I knew I was going to like Wylding Hall as soon as I heard the set-up: English folk-rock meets faerie-weird. It’s a short novel (another plus, for me), but although I liked it, I did find it a little unfulfilling, in large part because of the documentary-interview way in which it was told. In those haunted house narratives I mentioned at the start of this review, if you think about the human story, aside from the supernatural one, you see that The Haunting of Hill House is basically about unstable Eleonor Vance’s longing to find a home where she truly fits in, instabilities and all, and finds herself helplessly falling into the clutches of un-sane Hill House; and The Shining is about Jack Torrance’s attempt to get on top of his inner demons (by writing a book), only to find himself unleashing those demons on his own family — aided, of course, by the demonic forces of the Outlook Hotel. These haunted houses act as amplifiers of emotional instability, enactors of inner demons, drawing out the flaws of their chosen victims, those characters most susceptible to their dark charms. The core character of Wylding Hall, from this point of view, is Julian Blake, whose otherworldliness, born of high sensitivity and musical talent, is drawn into the genuine otherworldliness of the faerie realm. But we don’t get access to that story. Blake is no longer around to tell it, and even when he was, he was too closemouthed to let his bandmates in on it enough that they might understand. This means his story — which, for me, would have been the most interesting part of Wylding Hall — is absent, or to be glimpsed only from very sparse hints, leaving the result more a straightforward horror story (genius musician snatched away by the supernatural) than an investigation of why he allowed himself to be snatched.
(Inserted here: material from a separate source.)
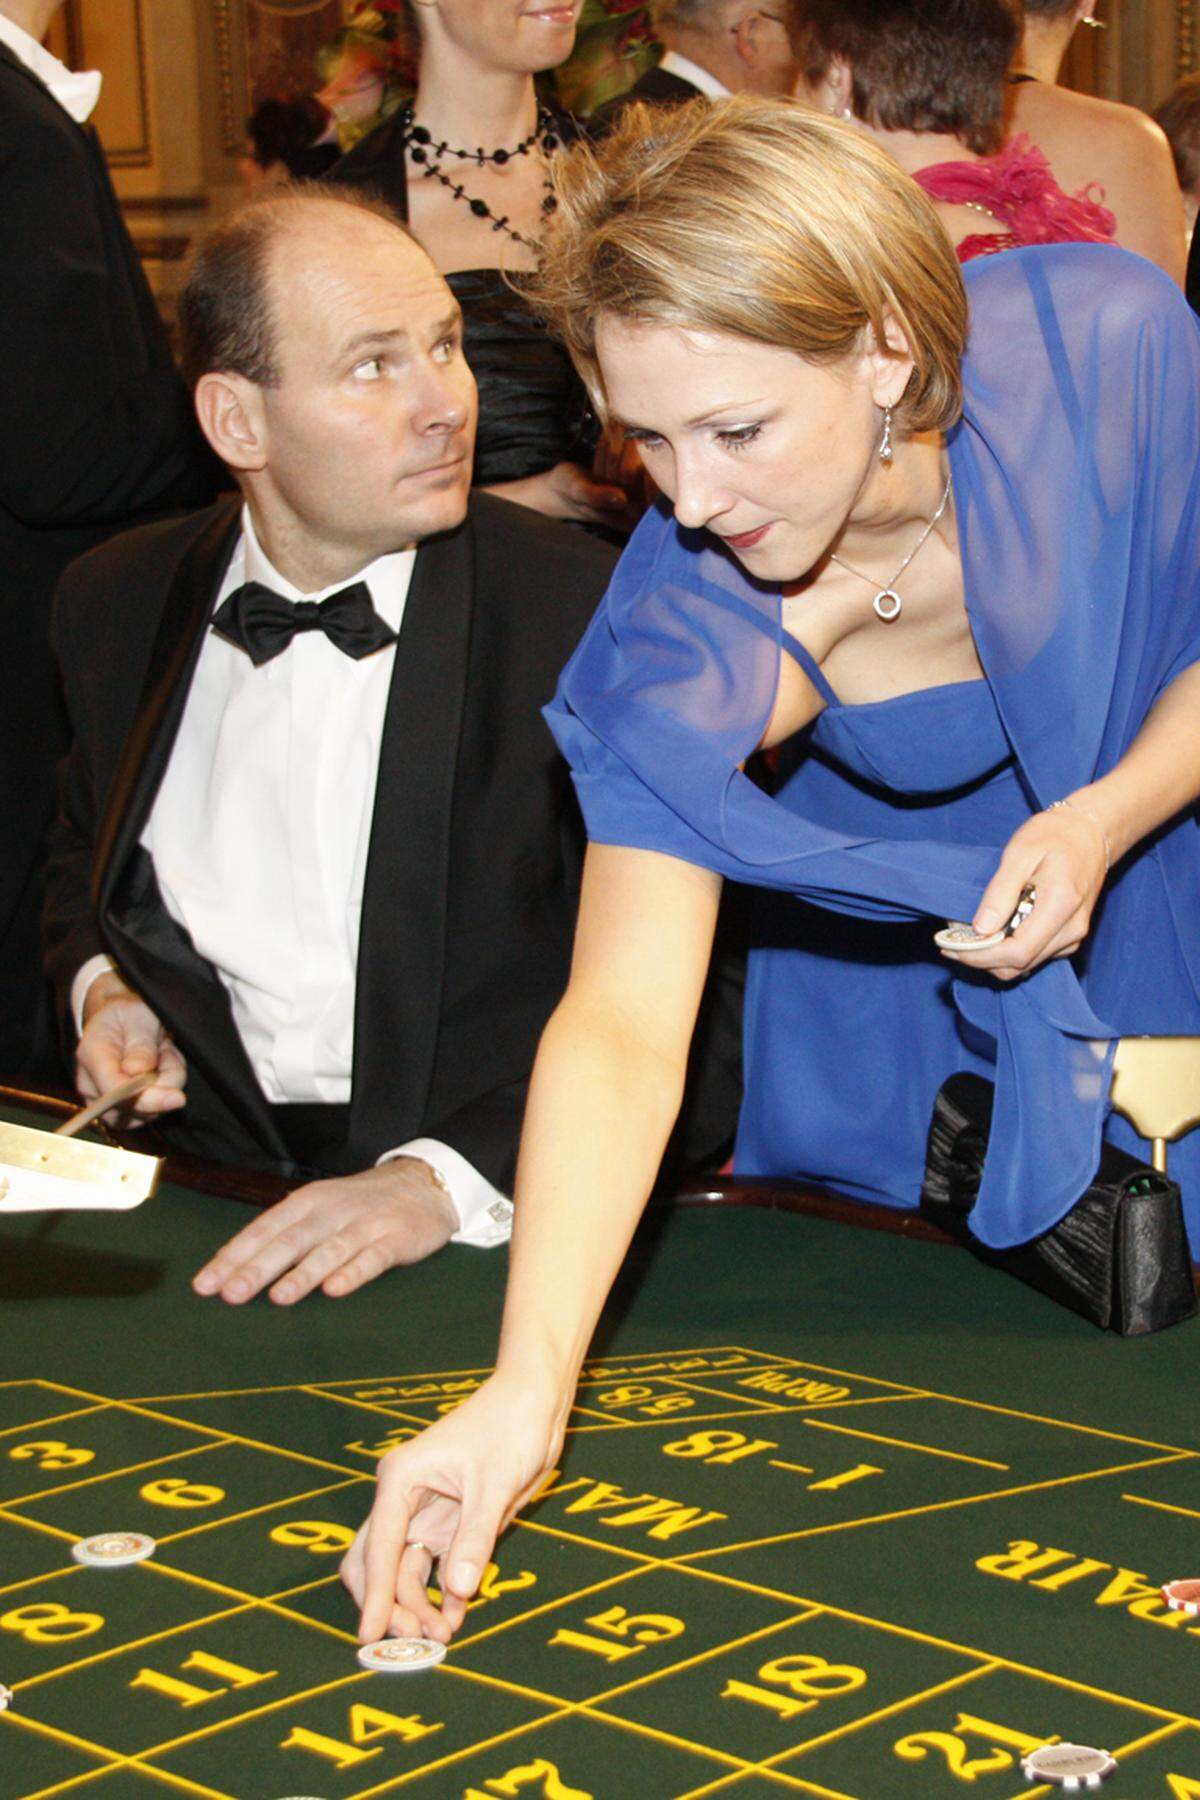 Was die einen dank Gerstners Luxus-Catering verdauen, verspielen die anderen im Casino. Geld spielt in einer Opernballnacht wahrscheinlich ohnehin keine tragende Rolle.

It’s like the difference between Arthur Machen’s ‘The White People’ (which gives an insider’s view of slipping into the faerie realm) and his ‘The Great God Pan’, a purely external view of a supernatural horror. Of those two, I prefer ‘The White People’, though ‘The Great God Pan’ is the more well-known. Of course, in the days of folk ballads, it was enough that a musician be exceptionally talented to explain why the faeries should want him. But I’d have liked a little more than that.

Comments (1)

  1. I agree. Julian Blake is voiceless here.Whatever it is that he’s going through at Wylding Hall, it is too private and mysterious to share; and unexplainable. Most of the men can’t get close enough to this mysterious girl- with her weird eyes, and Victorian chemise. The few women either find her t j.g threatening, or are ambivalent. I love this book; but don’t read this expecting a solution to Julian Blake’s disappearance.